The current implementation of GDPR FORGET does not permit anonymized values of NULL (seemingly, for owner names). We need to either enable this, or create a different means of expressing an "anonymized value".
Leaving these here to remember potential clean ups:
[ ] Anonymization is done by using the UpdateContext API. Currently, we work around that starting its own transaction via a boolean function argument. UpdateContext still updates the dataflow on its own though.
[ ] We potentially anonymize records that actually end up being deleted (or were deleted) and then do another quick round of deletion at the end to ensure those are gone.
[ ] Perhaps the code path for owners and accessors can be combined (for forget) a little more.
A potential cleaner design:
[ ] All operations for FORGET including anonymization is carried out as native operations in the RocksdbSession API. This no longer uses UpdateContext, and thus no longer updates flows on its own (and we can get rid of boolean flag workaround).
[ ] Combine the records to be deleted and records to be anonymized. Apply anonymization first, and then delete everything that needs to be deleted in one shot (including if it was anonymized).
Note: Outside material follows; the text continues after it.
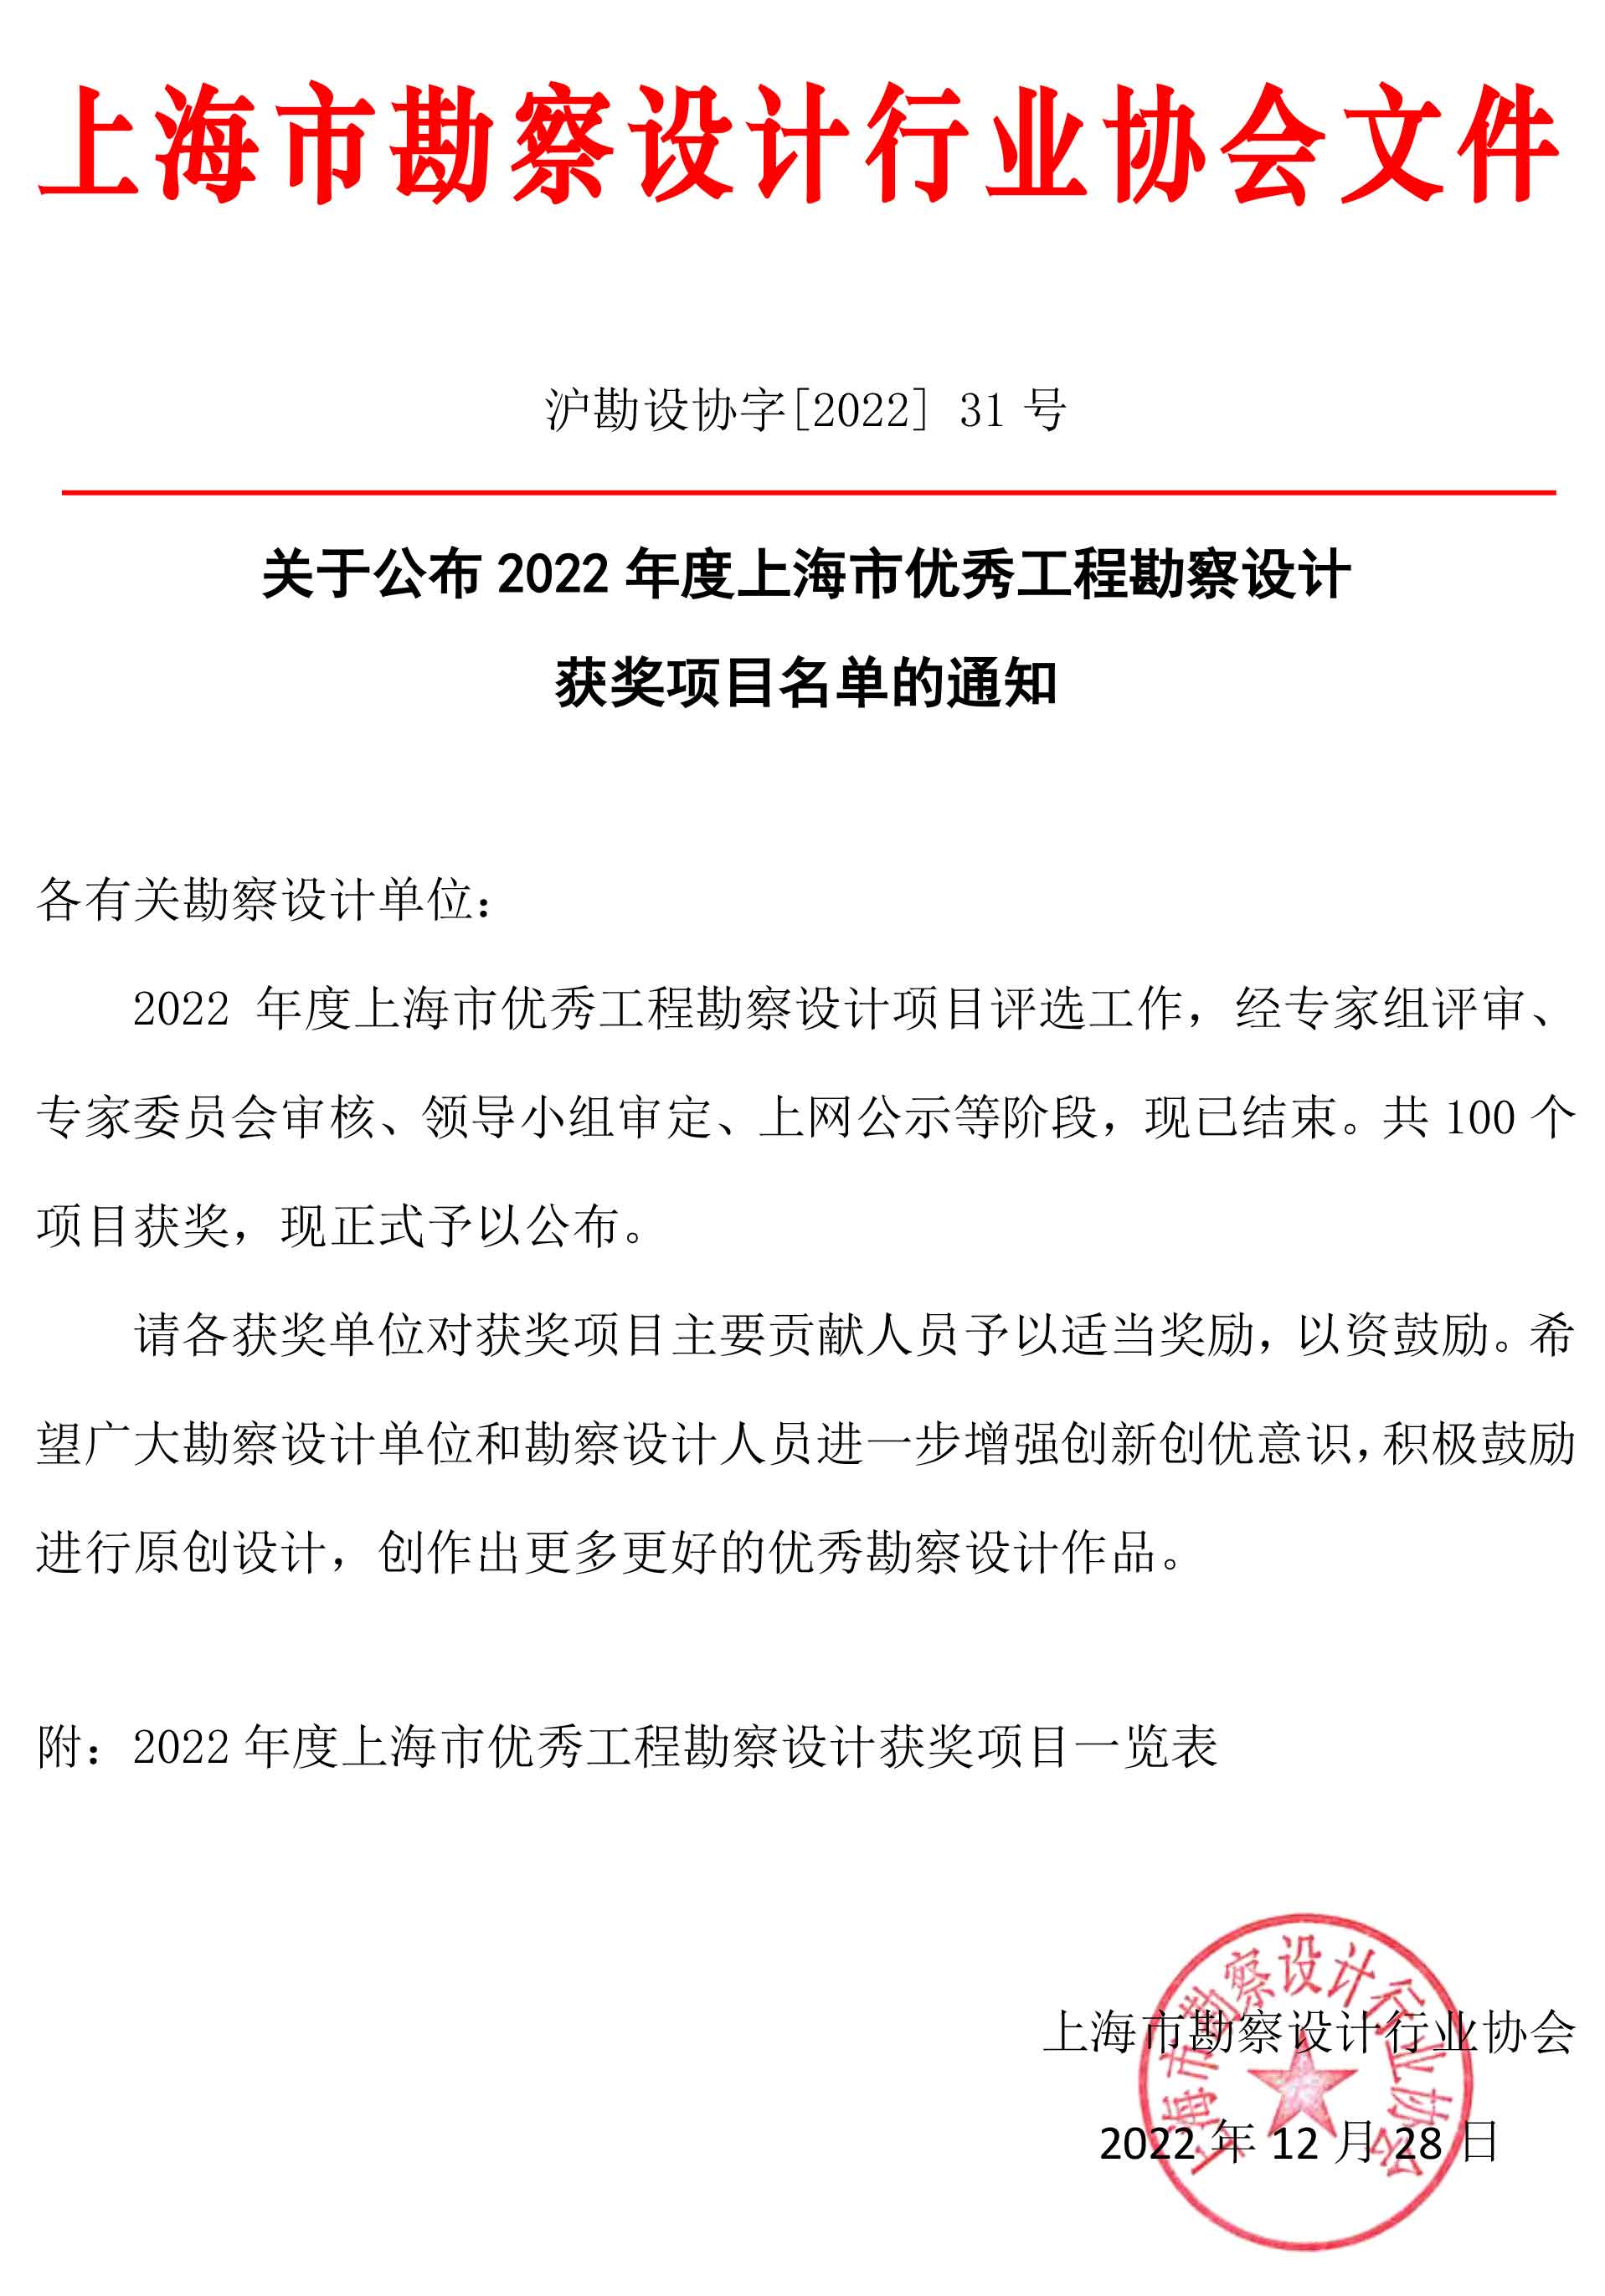 关于公布2022年度上海市优秀工程勘察设计获奖项目名单的通知.jpg

[ ] Single traverse by starting from root datasubject table, and going into dependencies, as is for accessors. Then, if we are along ownership edges, we can still use the quick DeleteShard API, while using a more manual approach (as is now) for accessors. Perhaps do the anonymization only first in that traversal, then do a separate loop to just blindly delete shard?
The current implementation of GDPR FORGET does not permit anonymized values of NULL (seemingly, for owner names). We need to either enable this, or create a different means of expressing an "anonymized value".